Limited data with use during pregnancy are insufficient to inform a drug-associated risk of adverse developmental outcome

Human data

• There have been 4 patients exposed during pregnancy
• 2 patients in a long-term extension study were found to be pregnant early in the first trimester while receiving prophylaxis; both patients were discontinued from study to comply with protocol requirements
• 2 additional cTTP patients were treated in a compassionate use program during pregnancy

• Patient 1

  • First patient had no further exposure and had a first trimester miscarriage ~2 months after study discontinuation; assessment by the investigator determined the miscarriage was unrelated to recombinant ADAMTS13

• Patient 2

  • Second patient resumed treatment with ADAMTS13, recombinant under a compassionate use program and delivered a healthy full-term baby with no safety concerns reported by the investigator

• Patient 3

  • Patient in the third trimester of her second pregnancy, experienced a stroke and thrombocytopenia that was refractory to daily plasmapheresis; at 33 weeks of gestation, recombinant ADAMTS13 treatment was started once weekly in a compassionate use program
  • ADAMTS13 activity levels normalized, thrombocytopenia resolved, and a healthy baby was delivered at 37 weeks with no safety concerns reported by the treating physician

• Patient 4

  • Patient had an exacerbation of her cTTP during her second trimester of pregnancy despite prior daily plasma exchange
  • Her pregnancy was at risk with inadequate response to plasma-based therapies
  • Recombinant ADAMTS13 was started once weekly and induced clinical remission
  • Infant was delivered by cesarean section at week 29 and treating physician reported no adverse events

Lactation

There is no information regarding the presence in human milk, effects on milk production, or breastfed infants

Pregnancy Categories

A: Generally acceptable. Controlled studies in pregnant women show no evidence of fetal risk.

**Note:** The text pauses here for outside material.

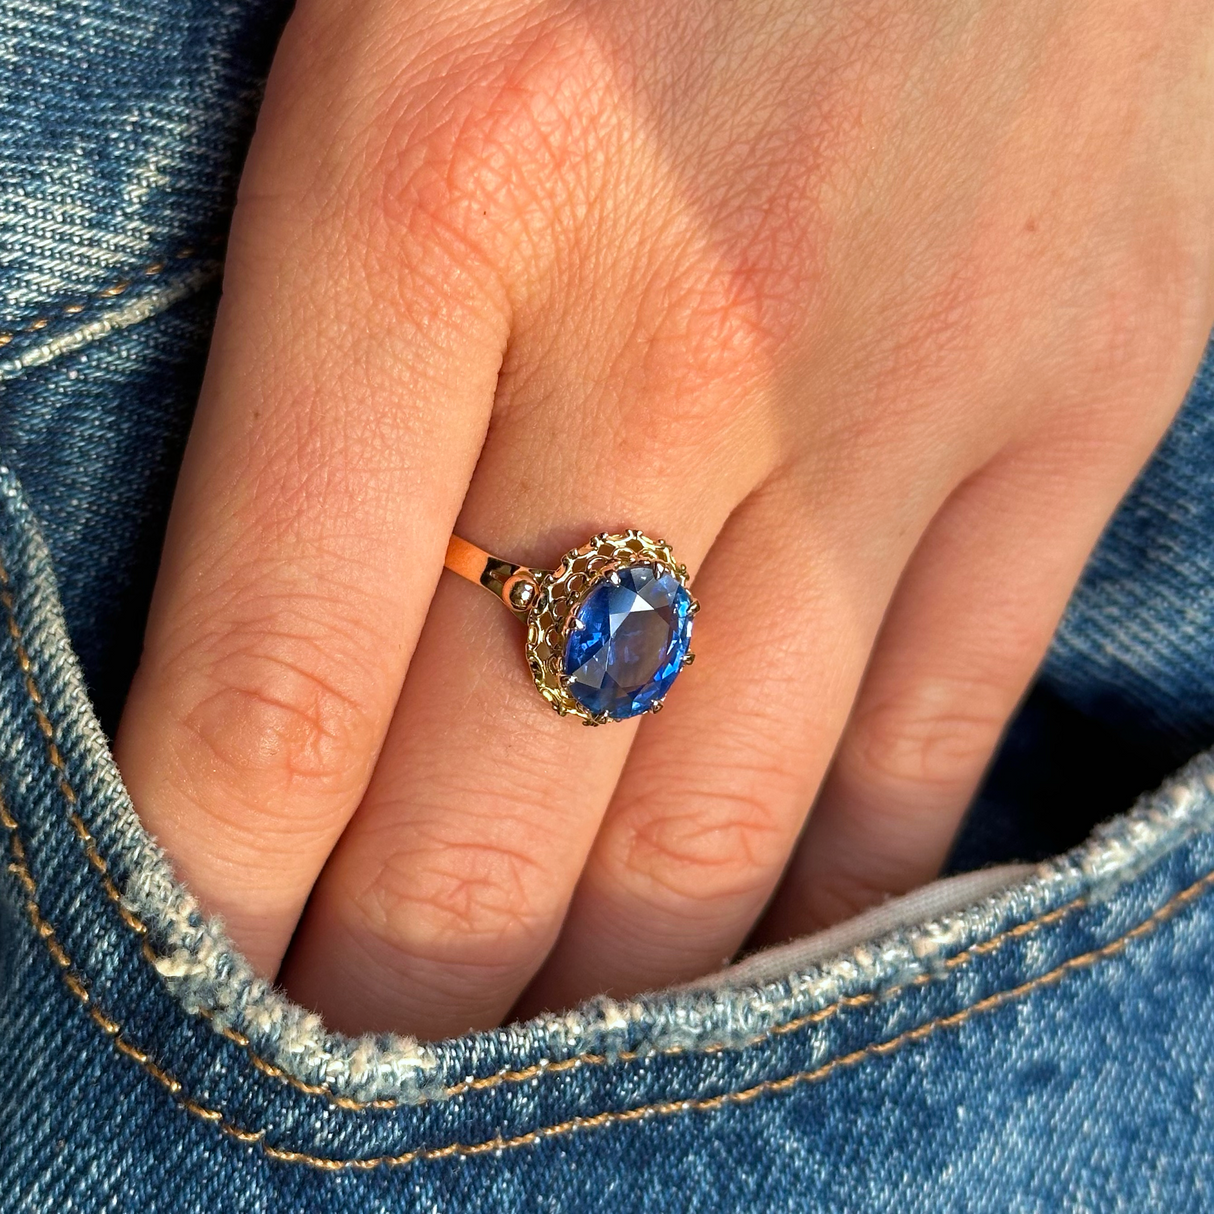 sapphire and yellow gold engagement ring worn on hand in pocket of jeans.

B: May be acceptable. Either animal studies show no risk but human studies not available or animal studies showed minor risks and human studies done and showed no risk.

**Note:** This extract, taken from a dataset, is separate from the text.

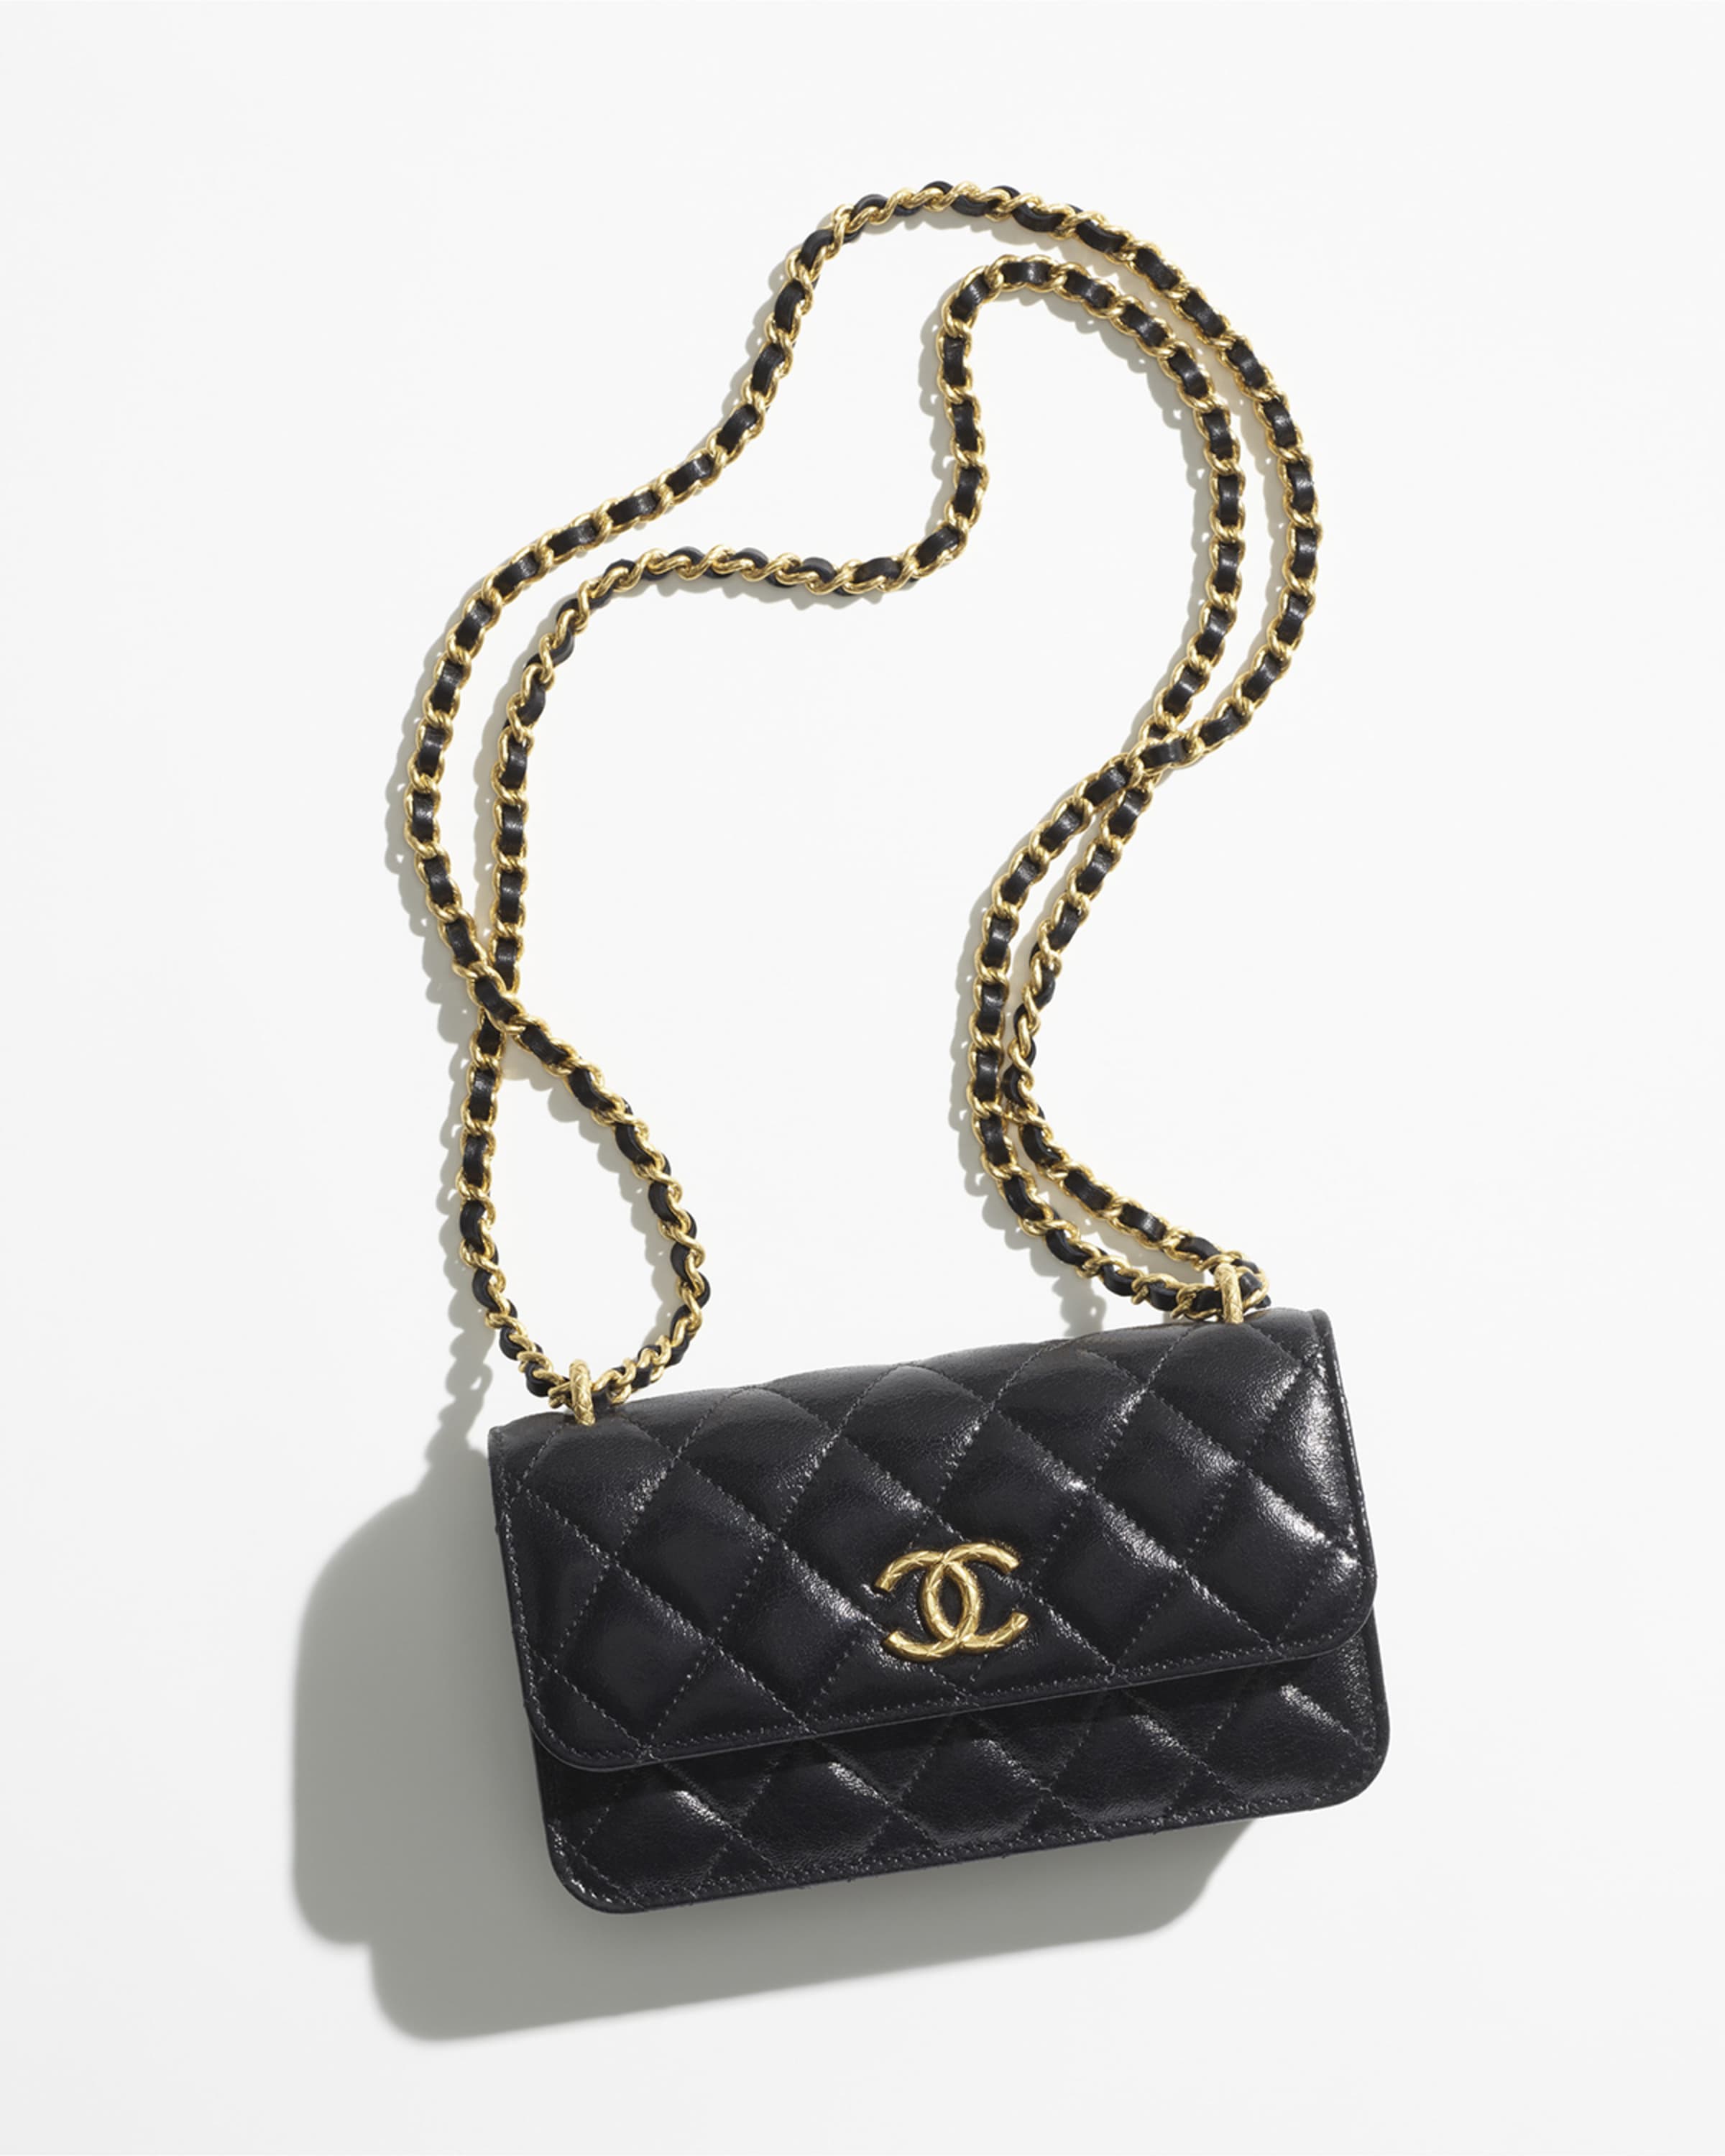 CHANEL FLAP PHONE HOLDER WITH CHAIN | Neiman Marcus

C: Use with caution if benefits outweigh risks. Animal studies show risk and human studies not available or neither animal nor human studies done.

D: Use in LIFE-THREATENING emergencies when no safer drug available. Positive evidence of human fetal risk.

X: Do not use in pregnancy. Risks involved outweigh potential benefits. Safer alternatives exist.

NA: Information not available.

Mechanism of Action

Recombinant form of endogenous ADAMTS13

Congenital thrombotic thrombocytopenic purpura (cTTP), is an ADAM metallopeptidase with thrombospondin type 1 motif 13 (ADAMTS13) gene deficiency disorder

ADAMTS13 enzyme splices von Willebrand factor to regulate its interaction with platelets; this action is involved in platelet adhesion to form temporary clots at the site of an injury

Absorption

Peak plasma concentration: 1.15 IU/mL (≥12 yr); 1.02 IU/mL (<12 yr)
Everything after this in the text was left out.